Successfully financing your overseas property purchase

When should you get advice?

Do it early as starting point to the buying process.

It never ceases to amaze me the amount of clients who approach us for finance after they’ve signed to purchase a property.
Swept away by sales patter or approached while they are on holiday, they fall in love with the idea and agree to the purchase.

Most of us wouldn’t dream of buying our main home without first getting it properly valued, checking if we can get a mortgage and allowing a solicitor to check over the legal documents. However it would seem that when it comes to buying a property overseas some of us seem to forget to do these things.

Clients are then disappointed when we tell them they don’t qualify for an overseas mortgage. If you arrange the finance first then you’ll end up with peace of mind that a property is in your budget, that you qualify for a mortgage and you may find that you can actually afford a better property than what you originally thought you could obtain.

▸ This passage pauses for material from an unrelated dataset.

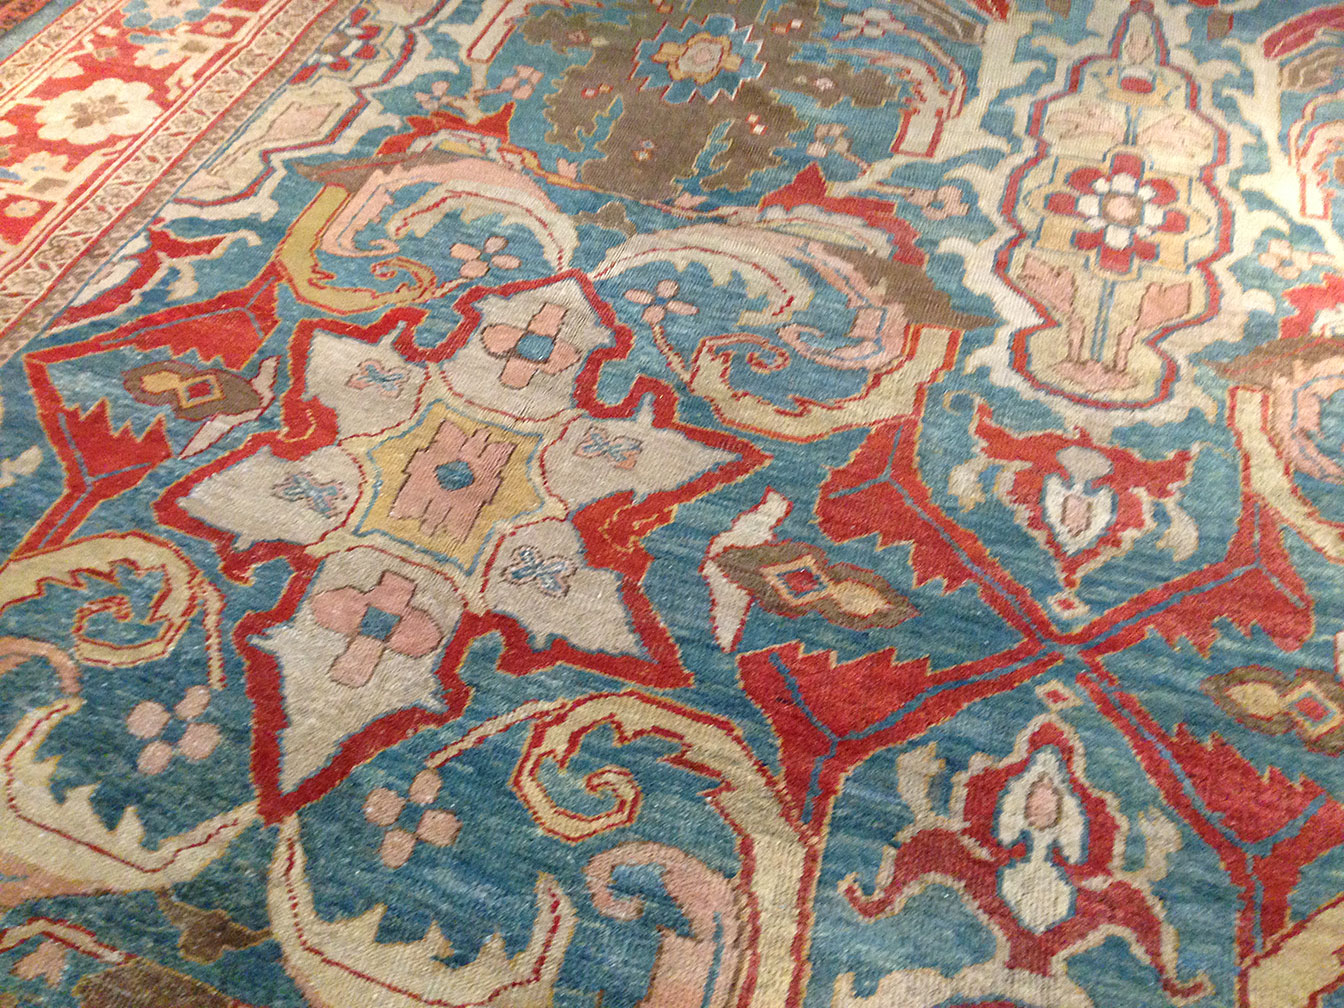 Antique sultan abad Carpet - # 50162

So how do overseas lenders calculate what you can borrow?

Overseas lenders calculate what you can borrow based upon affordability. Each lender has its own set of terms but in general they all work to similar guidelines.

These guidelines hinge in the main on two questions

* Can the client prove their income?
* What is the client’s debt to income ratio (DTI)?

If they cannot prove their income then the mortgage will be declined. Even when overseas banks were keen to lend they still didn’t embrace self-certified mortgages. This is probably why a number of them have weathered the credit crunch better than their Irish and British counterparts. Proof of income if employed will be via payslips and end of year tax figures and if you are self employed then by providing two years accounts.

Most lenders work on what they call a debt to income ratio. This ratio differs from country to country and from lender to lender.

For example, a client who has net income per month of 4000 euros may want to buy a property in Dubai. The lender may have a DTI of 35%. Therefore 1400 euros has to cover the client’s new Dubai mortgage payment plus his existing personal debt.

Let’s say he has an Irish mortgage payment of 500 euros, a monthly credit card bill of 100 euros and his new Dubai mortgage will be 700 euros, then in this instance he would be approved by the Dubai Bank.

However if his Irish monthly debt payments were 1000 euros then this would exceed this ratio because the total would be 1700 euros and the lender would decline the case.

So "How do I propose to finance my overseas property purchase?" should be the first question you should ask yourself before signing anything.

Armed with that little bit of information you already have an idea as to how you will be viewed by an overseas bank and how successful your mortgage application is likely to be.

Don’t get caught out like a client who was referred to us by an Independent Financial Advisor.

She had spent £430,000 on two properties and had remortgaged their UK property to the hilt and ploughed all their savings into the two apartments and still needed £60,000 to complete their purchase. After discussing her situation we had to inform her that she failed the lenders’ DTI ratio and wouldn’t qualify for a mortgage.

To add insult to injury we had to break the news to her that the property wasn’t on an approved development list for finance and therefore a mortgage wasn’t available even if she had qualified.

The client had spoken to a UK-based solicitor who didn’t even specialise in UK conveyancing let alone overseas and he’d allegedly told her that there were no problems purchasing in Dubai or arranging a mortgage.

The problems lie in the fact that full legal title to land as well as property isn’t straightforward in Dubai. For a Dubai property to qualify for a mortgage it has to be on a list of approved developments.

If it is not on the list then the client is not able to raise a mortgage on the property and will have to raise the balance from other assets or pay cash. If they cannot do this then they are unable to complete their purchase.

We get many calls from potential clients looking for Dubai mortgages as their properties near completion and they need to raise mortgage finance to enable to complete on the property. These clients were told by the company selling them the property that the mortgage and legal title would be sorted at the time of completion. What these clients are now finding is that this isn’t the case.

Finally, if you are relying on a Dubai mortgage to complete the deal, speak to an overseas mortgage specialist who can check the list of approved developments and arrange any finance for you.